• [Exercise aim]: The result should hold only the lines from the one with "Lupin III : Le" through the final line of the data below, transcribed exactly, pictures left out.
─── Stored data ───
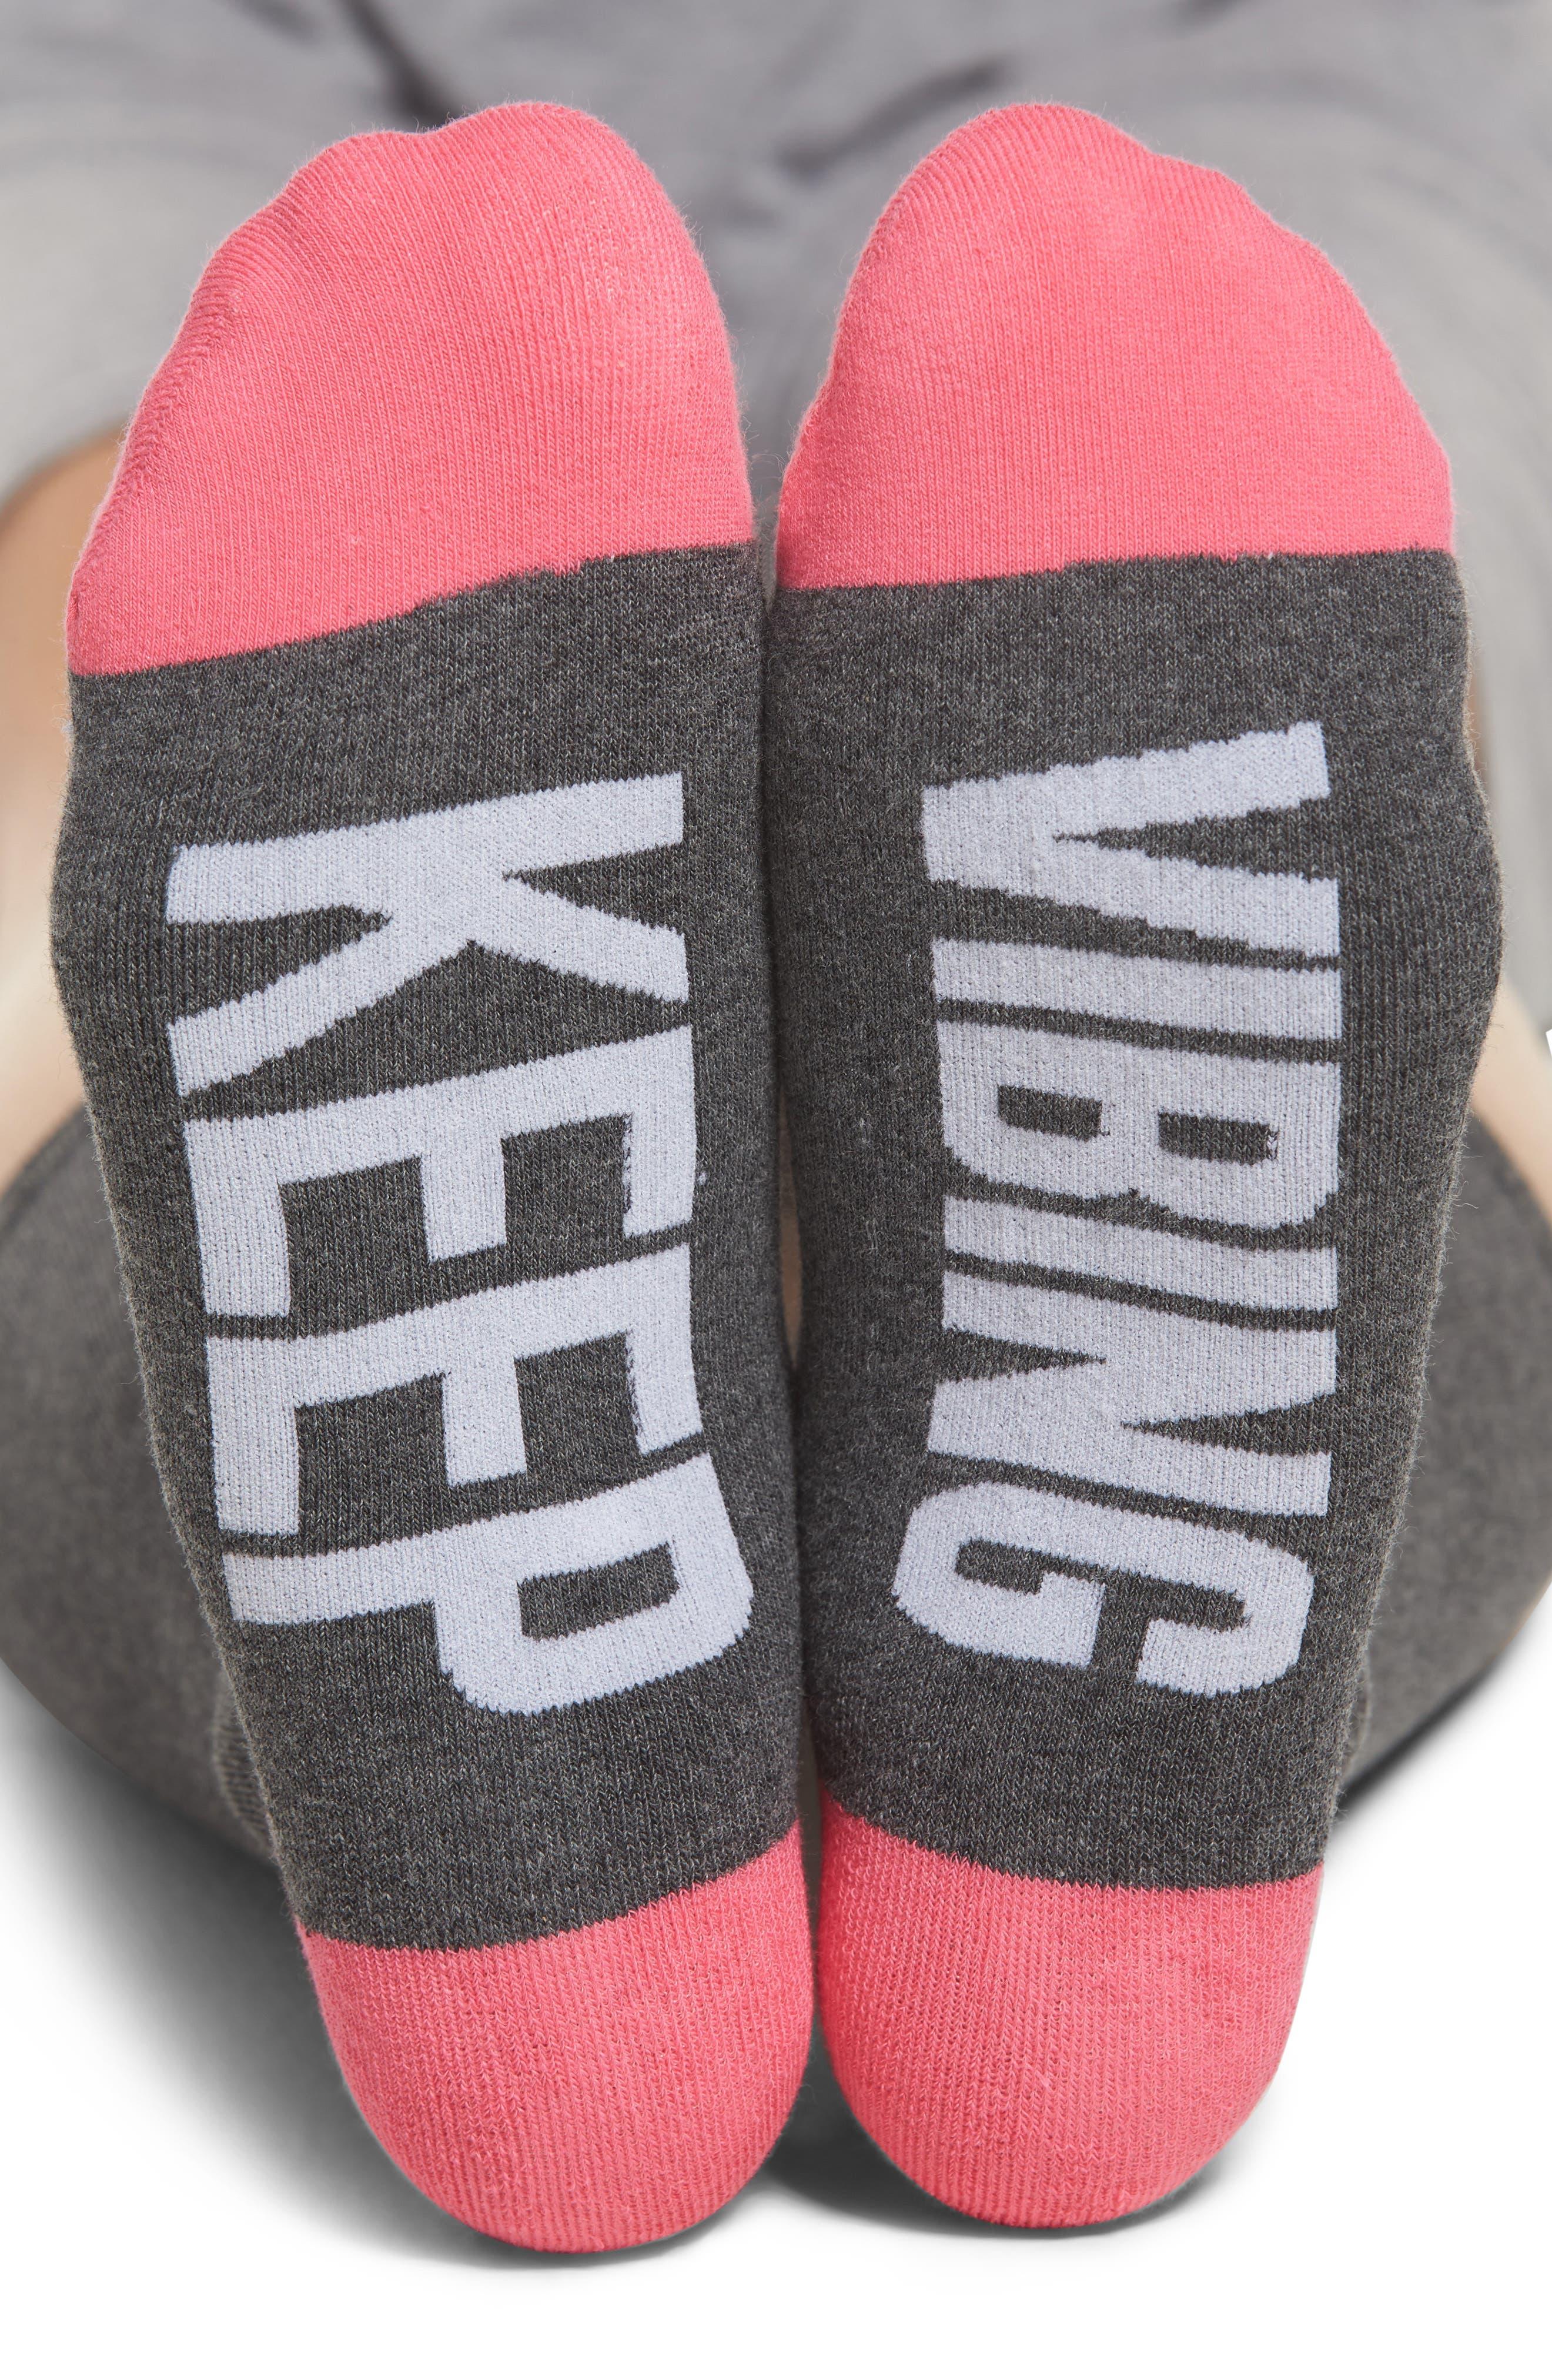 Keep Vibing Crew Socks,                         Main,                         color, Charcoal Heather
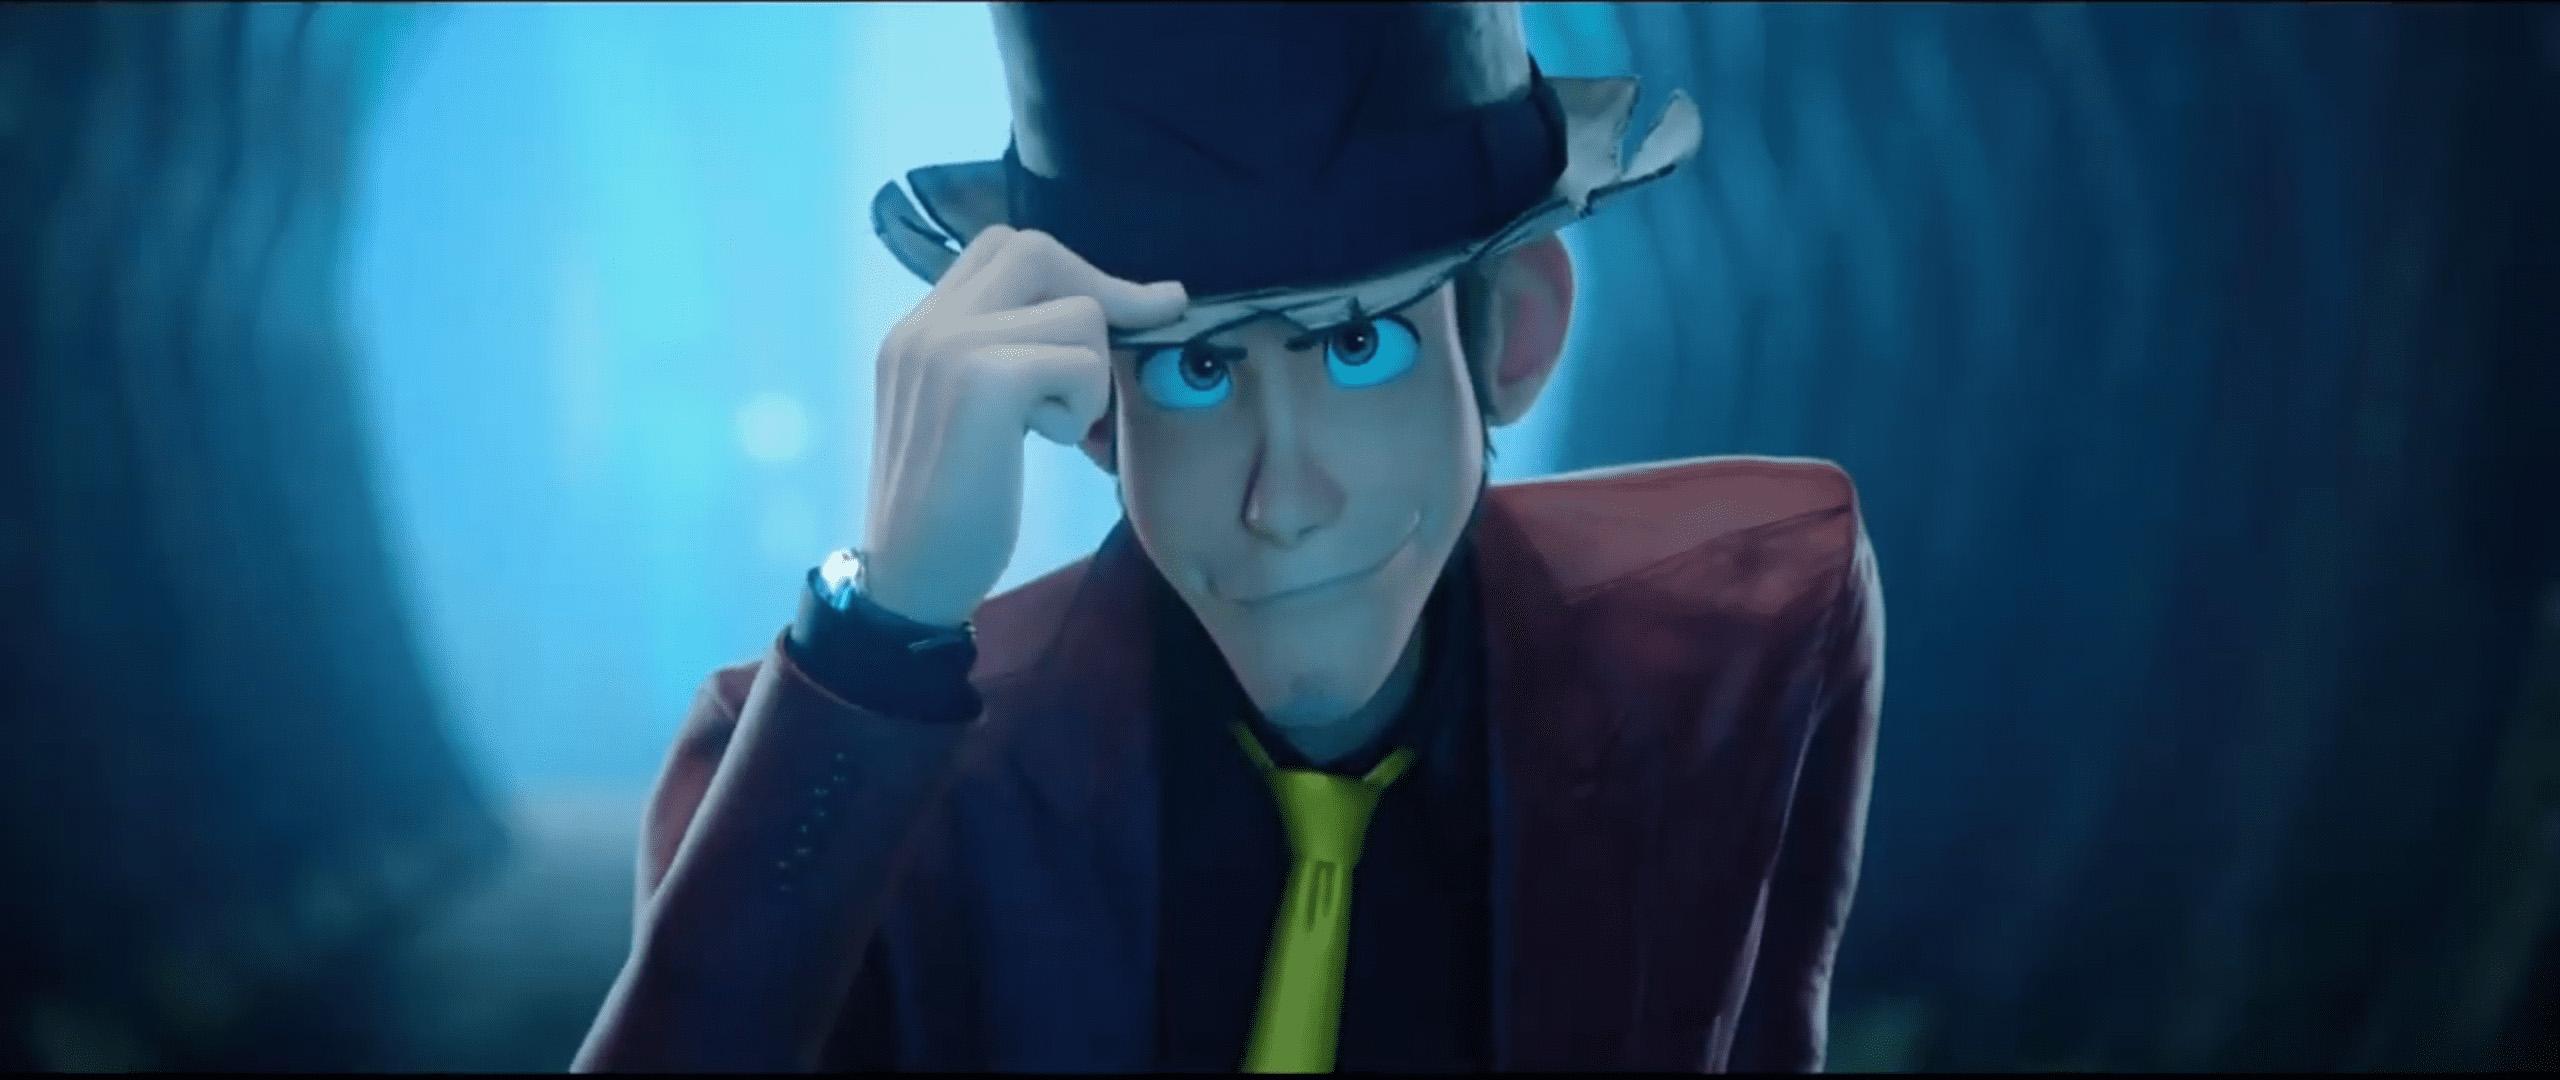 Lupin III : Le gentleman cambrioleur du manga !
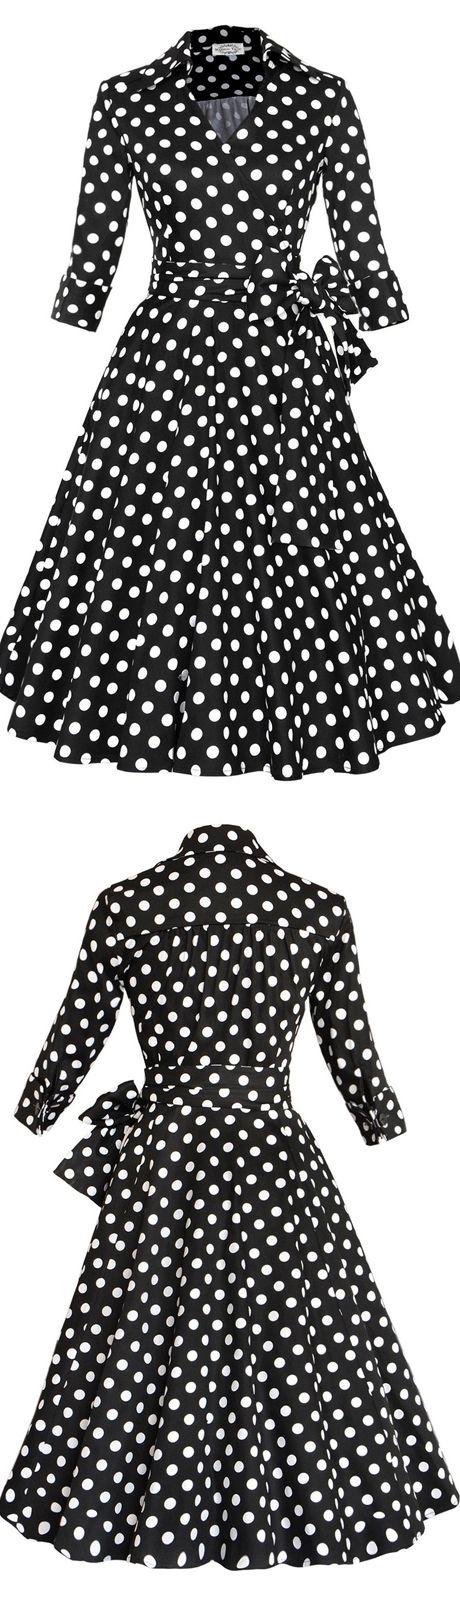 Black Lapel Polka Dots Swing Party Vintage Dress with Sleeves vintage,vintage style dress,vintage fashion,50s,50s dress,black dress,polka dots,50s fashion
───
• [Task result]:
 Lupin III : Le gentleman cambrioleur du manga !
 Black Lapel Polka Dots Swing Party Vintage Dress with Sleeves vintage,vintage style dress,vintage fashion,50s,50s dress,black dress,polka dots,50s fashion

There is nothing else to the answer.